Example 9-5. Creating an RDF model using RDF API for PHP and serializing it to the page
<?php
define("RDFAPI_INCLUDE_DIR", "./../api/");
include(RDFAPI_INCLUDE_DIR . "RDFAPI.php");

// New Model, set base URI
$model = new Model(  );
$model->setBaseURI("http://burningbird.net/articles/");

// first statement
$mainsource = new Resource("monsters1.htm");
$model->add(new Statement($mainsource, $RDF_type,
            new
Resource("http://burningbird.net/postcon/elements/1.0/Document")));

$history = new BlankNode("history");
$model->add(new Statement($mainsource,
             new
Resource("http://burningbird.net/postcon/elements/1.0/history"),
             $history));

// Define RDF Bag
$model->add(new Statement($history, $RDF_type, $RDF_Seq));

$movement = new Resource("http://www.yasd.com/dynaearth/monsters1.htm");
$model->add(new Statement($history,
            new Resource(RDF_NAMESPACE_URI . "_1"),
            $movement));

$model->add(new Statement($movement,
         new
Resource("http://burningbird.net/postcon/elements/1.0/movementType"),
         new Literal("Add", "en")));

// Output as table
RDFUtil::writeHTMLTable($model);

file://Serialize and output model
$ser = new RDFSerializer(  );
$ser->addNamespacePrefix("pstcn",
"http://burningbird.net/postcon/elements/1.0/");
$rdf =& $ser->serialize($model);
echo "<p><textarea cols='110' rows='20'>" . $rdf . "</textarea>";

file://Save the model to a file
$ser->saveAs($model,"rdf_output.rdf");

?>

When this script is included within HTML and accessed via the Web, the result looks similar to Figure 9-1.

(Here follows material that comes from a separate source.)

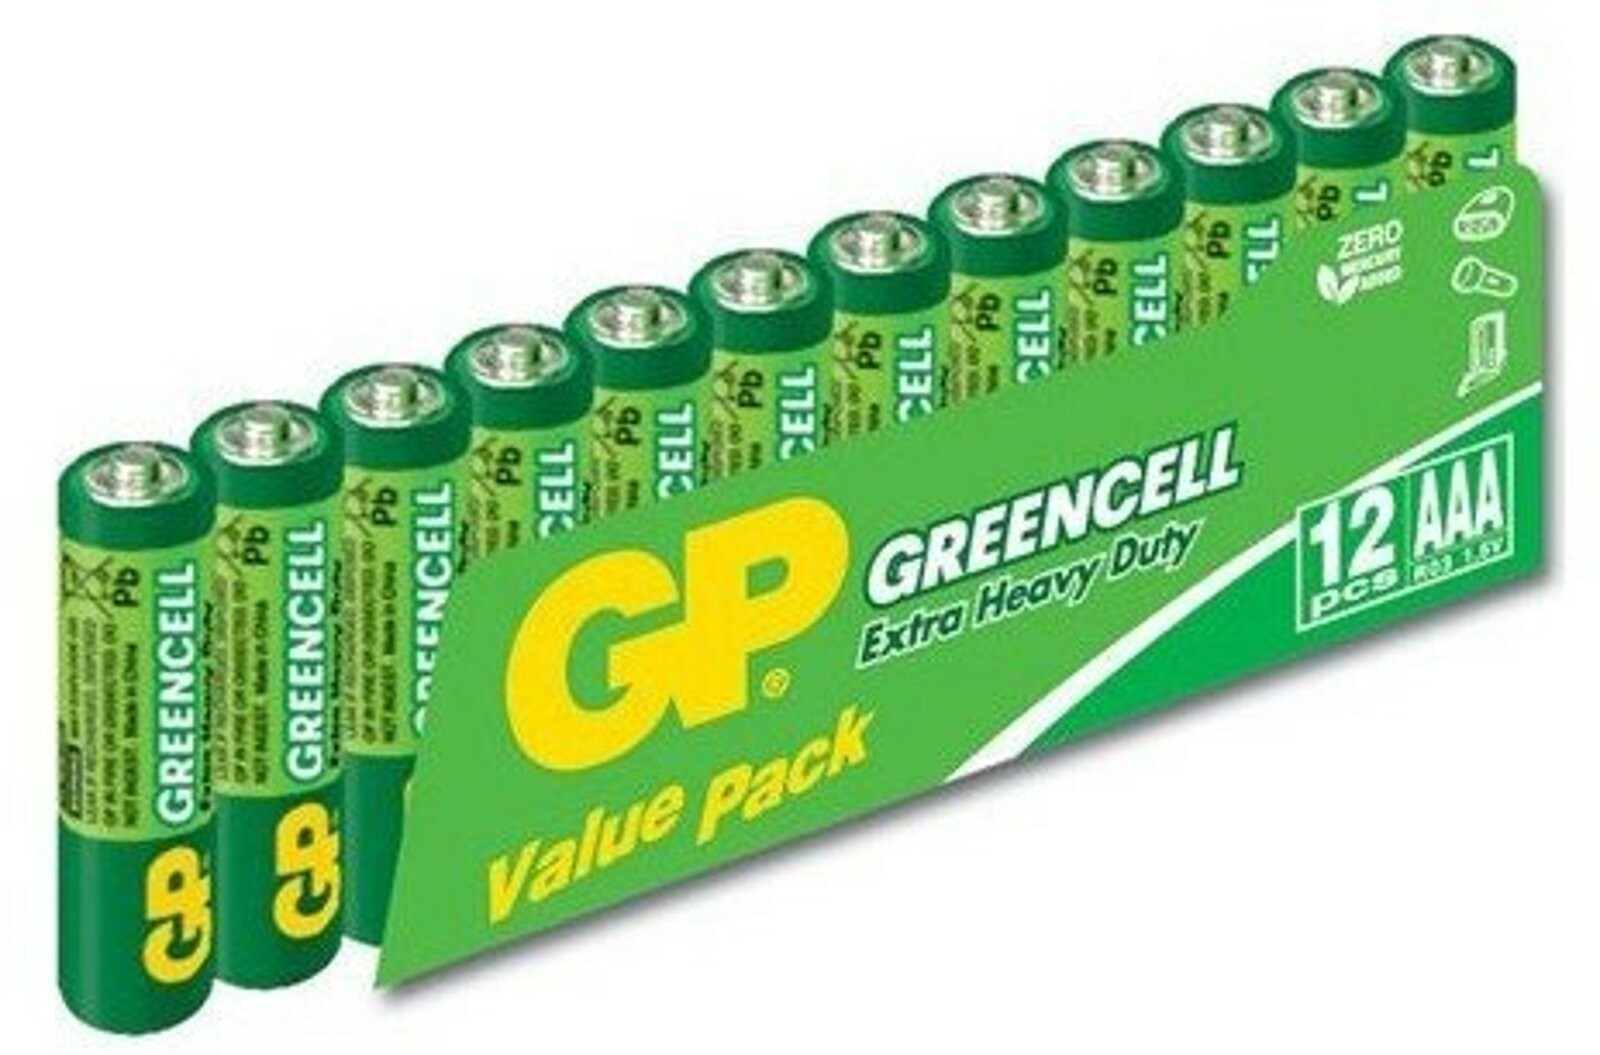 Gp batteries. Батарея GP 15s(r6/AA)-0s4. Батарейки GP 15g. Зеленые батарейки GP. Батарейки GP Модельный ряд.

Figure 9-1. Page resulting from running PHP script in Example 9-5
figs/prdf_0901.gif

If you want to persist the serialized result of the model, use PHP's own file I/O functions to save the generated RDF/XML to a file. Note that the figure shows bnodes as URI, which isn't proper format. However, this is an internally generated value that has no impact on the validity of the RDF/XML.

Example 9-6 contains the script to open this serialized RDF/XML and iterate through it (this script was provided by the RAP creator, Chris Bizer).

Example 9-6. Iterating through the serialized RDF/XML created in Example 9-5
<?php

// Include RDF API
define("RDFAPI_INCLUDE_DIR", "./../api/");
include(RDFAPI_INCLUDE_DIR . "RDFAPI.php");

// Create new Parser
$parser = new RdfParser(  );

// Parse document
$model =& $parser->generateModel("rdf_output.rdf");

// Get StatementIterator
$it = $model->getStatementIterator(  );

// Traverse model and output statements
while ($it->hasNext(  )) {
   $statement = $it->next(  );
   echo "Statement number: " . $it->getCurrentPosition(  ) . "<BR>";
   echo "Subject: " . $statement->getLabelSubject(  ) . "<BR>";
   echo "Predicate: " . $statement->getLabelPredicate(  ) . "<BR>";
   echo "Object: " . $statement->getLabelObject(  ) . "<P>";
}

?>

You can add or subtract statements on a given model, check to see if the model contains a specific statement, and even find the intersection or combination of multiple models, using the Model class. However, one of the most frequent activities you'll likely do is query the model.

Querying a Model

The Model class in RAP has a couple of different methods you can use to find information. For instance, the findVocabulary method returns all triples from a given vocabulary, as identified by a namespace. This is rather handy if your document combines elements from many different namespaces.

Two other methods allow for more fine-grained queries: find and findRegex.

The find method takes three parameters: subject, predicate, and object. Passing in null for a specific parameter matches any value for that component in the triple. The findRegex method uses a Perl-style regular expression to check for a match in any of the components. Both methods return a new Model, which you can print out using the RDFUtil method writeHTMLTable. However, if you want to print the data out using your own approach or want to print out only specific components in the resulting triple, you'll have to do a little more work, and will use private methods and members of the RAP class. This makes me hesitant to use RAP for querying.

What I've done is mix PHP classes when working with RDF. I use RAP to create RDF models, and I then use the PHP XML classes, described in the next chapter, to persist the RDF/XML to a database and to use RDQL queries to query that database.